DAYTONA BEACH, Fla. - Catching sexual predators before they strike again. It's part of the mission behind a statewide initiative to test thousands of backlogged rape kits across Florida.
"It is a huge problem in American policing today - that DNA turnaround," said Volusia County Sheriff Mike Chitwood. "Sex offenders don't offend one time in their life, they offend and they re-offend and they offend until they get caught. And the most powerful tool we have as a community to protect ourselves is DNA."
The state’s lead agency for getting DNA from rape kits tested is the Florida Department of Law Enforcement, or FDLE.
Two years ago, the agency began processing a massive backlog of Sexual Assault Kits (SAKs) that were collected from victims but never tested. Just how many kits? About 8,600.
"A victim's need for justice doesn't exhaust with time," said Danny Banks, special agent in charge at the Florida Department of Law Enforcement (FDLE). "When we've got a victim out there that has the right to have their case solved, it's our responsibility to do everything we can to get them to that point of justice."
The same year the agency started its surge to clear old cases, the Florida Legislature passed a law requiring all new SAKs to be processed by a lab within 120 days. In essence, the FDLE was not only trying to play catch-up with old cases, but was now faced with a new state-mandated deadline to make sure all types of DNA evidence is processed in a timely manner. How many new kits needed to be tested: about 4,000 since July of 2016.
"Never should there be a time where a victim is waiting months and months and months for a solution to their crime - or even anybody to look at it," said Banks.
According to the Florida attorney general's website, testing the sexual assault kits will allow DNA information to be uploaded into state and federal criminal databases to potentially solve cold cases, and identify serial rapists and murderers who commit crimes across multiple jurisdictions.
Prior to the 2016 law, Florida did not require rape kits to be tested. But now law enforcement agencies have 30 days from the start of their investigations to submit their evidence.

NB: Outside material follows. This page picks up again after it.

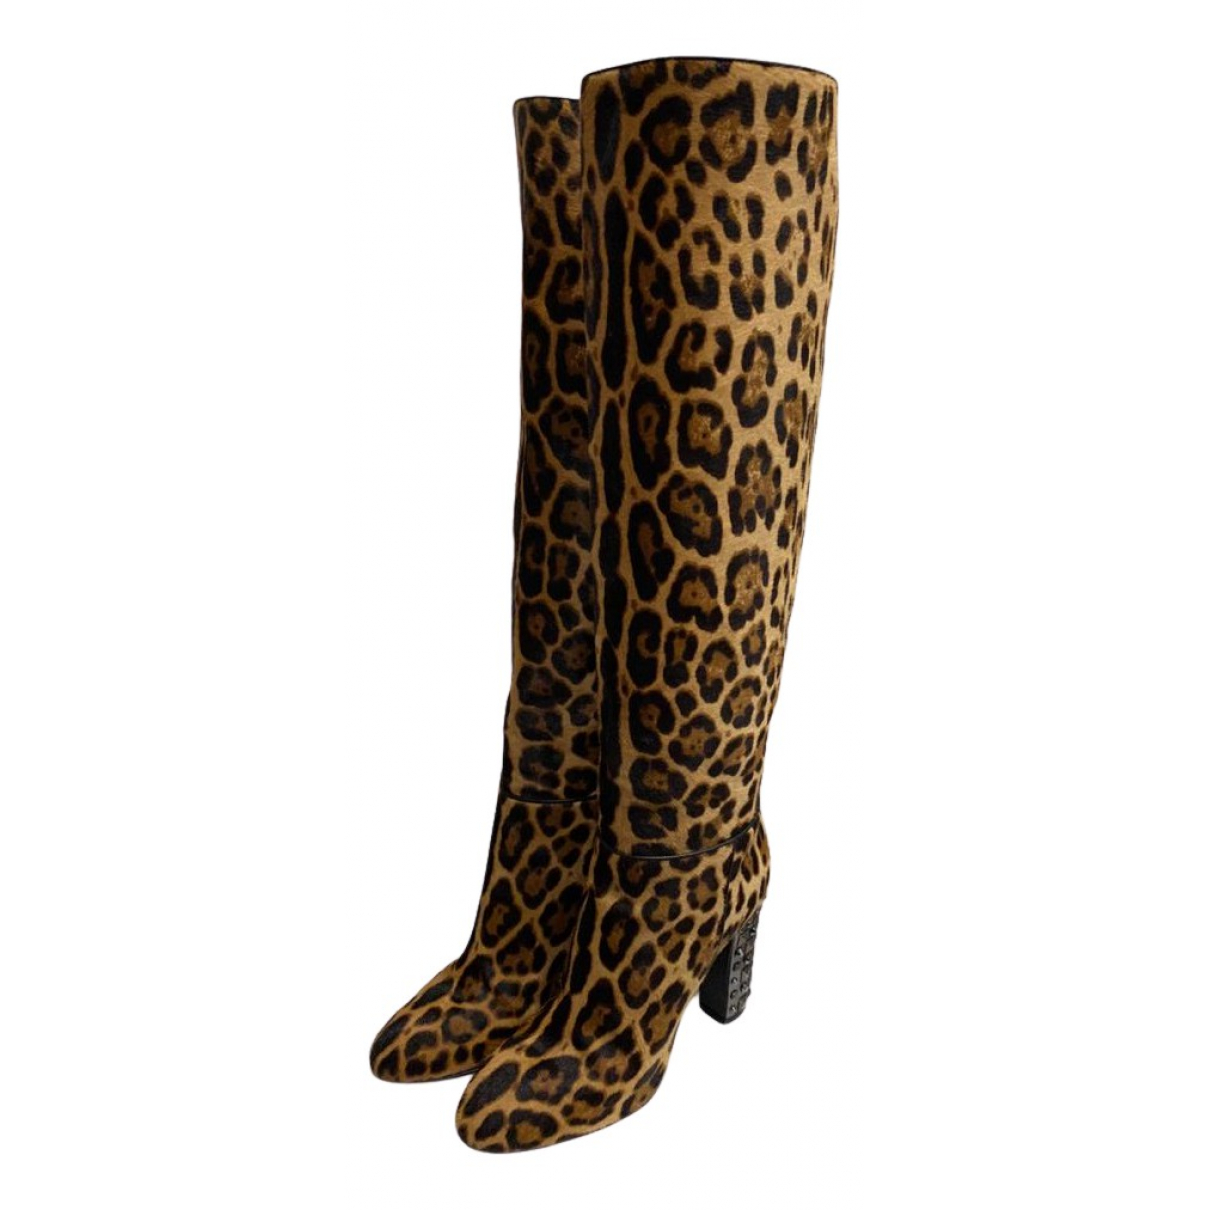 Dolce & Gabbana N Multicolour Pony-style calfskin Boots for Women 37.5 EU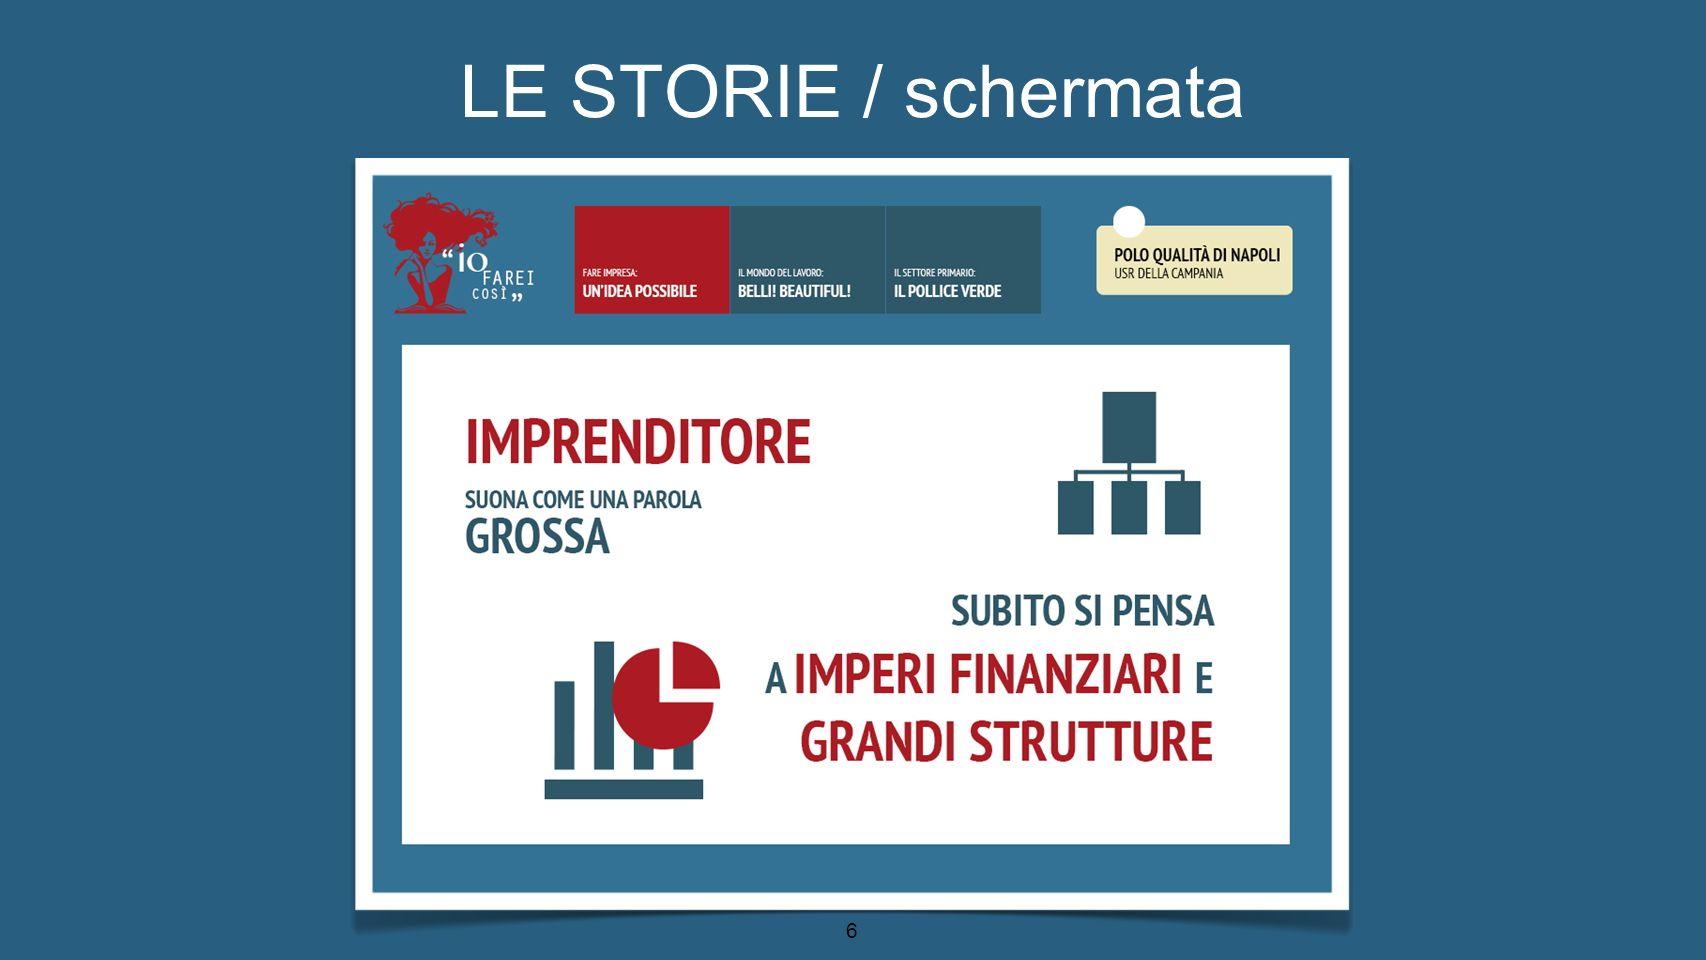 LE STORIE / schermata

The FDLE confirms to News 6 that of the 3,987 SAKs collected since July 2016, the agency has processed 3,281 (as of the end of January), a bit more than 80% of the kits. Of the 8,600 backlogged cases, the state has already tested 6,161 of them – a completion rate of almost 72%.
"Our average turnaround time on those cases right now here in Orlando is less than 80 days," Banks told News 6. "That's important to solving crimes. That's important to getting real bad people off the street quickly."
Banks says eradicating this backlog is their highest priority at the state labs. He says that the FDLEhopes to get the rest of the 2,400+-plus outstanding SAKs processed well before June 2019.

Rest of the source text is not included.